Even Karen had started echoing the lenient tone. What a chameleon she was. Irritated, he’d reminded her, ‘But you hate Ford.’
‘He’s lonely, the poor man. Don’t be nasty about your own brother.’
‘What? I love my brother. You’re the one who said he shouldn’t even come here.’
‘Oh, don’t be mean-spirited, Simon.’
Now he whispered to Roza, ‘Is the gap between rich and poor too wide? I’ve just had a big tax cut and I earn a million a year. I didn’t need it. The poor got a tiny tax cut and a rise in GST. So the gap is . . .’
The look she was giving him was hard, faintly amused, slight curl of the lip.
‘Darling Simon. Don’t try to be Ford. It doesn’t suit you.’
Simon walked slowly along the path under the trees. Light spilled across the lawn and voices and music came from the open French windows of the big house, where David had shown no sign of wanting to go to bed. Figures moved behind the wire in the artificial green light of the tennis court.
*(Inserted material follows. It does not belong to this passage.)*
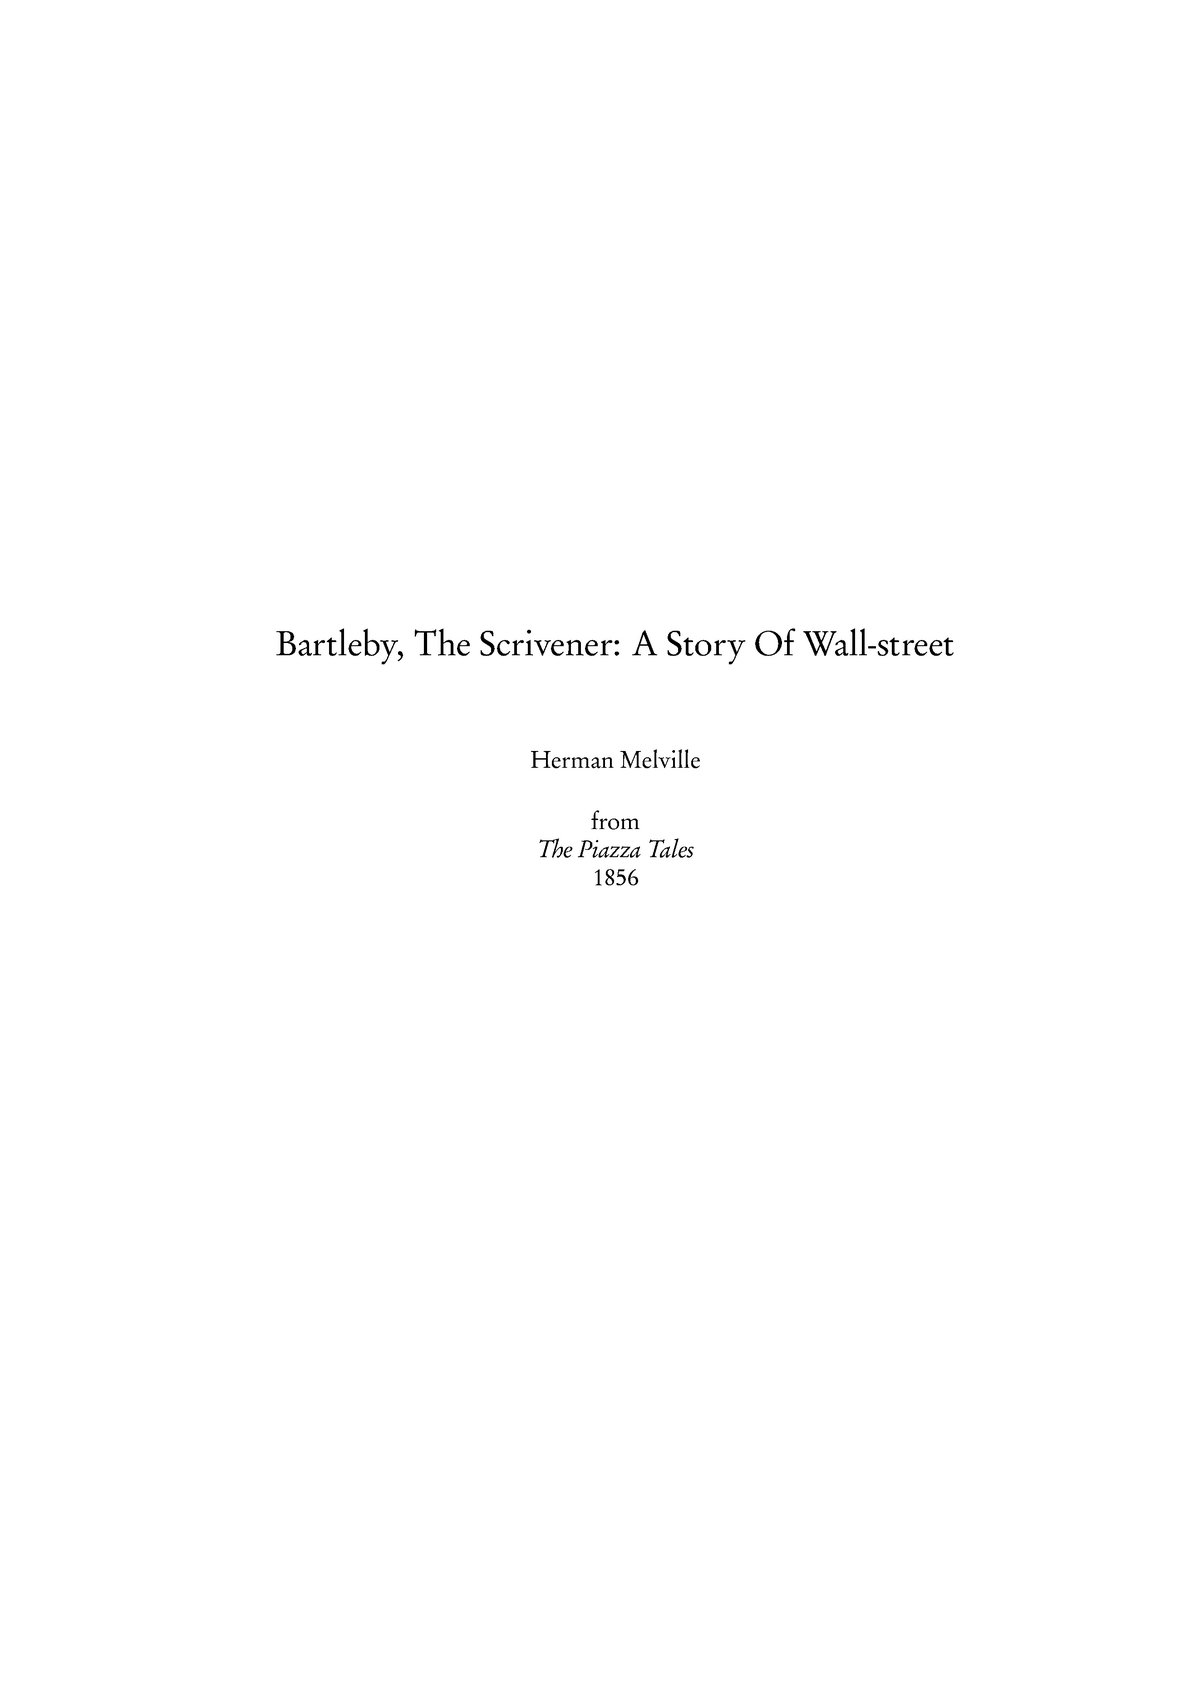 bartleby the scrivener analysis pdf

He heard Elke laugh. ‘Fuck off Marcus,’ she said. Beyond the dunes the sea was calm, with a sheen of moonlight. Someone called his name, he turned.
Ed Miles took off his glasses, polished them on a handkerchief and put them on, a studied move. Simon gave what he hoped was a look of mild inquiry. ‘It’s a beautiful evening.’
Miles looked down and smiled. ‘Oh yes.’
Simon said, too sharply, ‘Well, I’m off to bed . . . ?’
‘David wants a word.’
‘Now?’
‘He’s in the main office.’
Miles walked beside him. Were the three of them going to talk together? Should he ask Miles whether he’d found anything out? The adrenalin had started to run around his body, hard and sharp, as strong as pain, but his hands were steady. It was like this in the operating theatre; even on the rare occasions when things had gone wrong and some urgent reversal was required, his hands did not shake.
They crossed the deck, passed Ray and entered through the glass door, Miles following Simon.
David was leaning on his desk, his arms folded. Simon looked at Miles in the reflection of the glass, saw him nod at David and walk out, closing the door.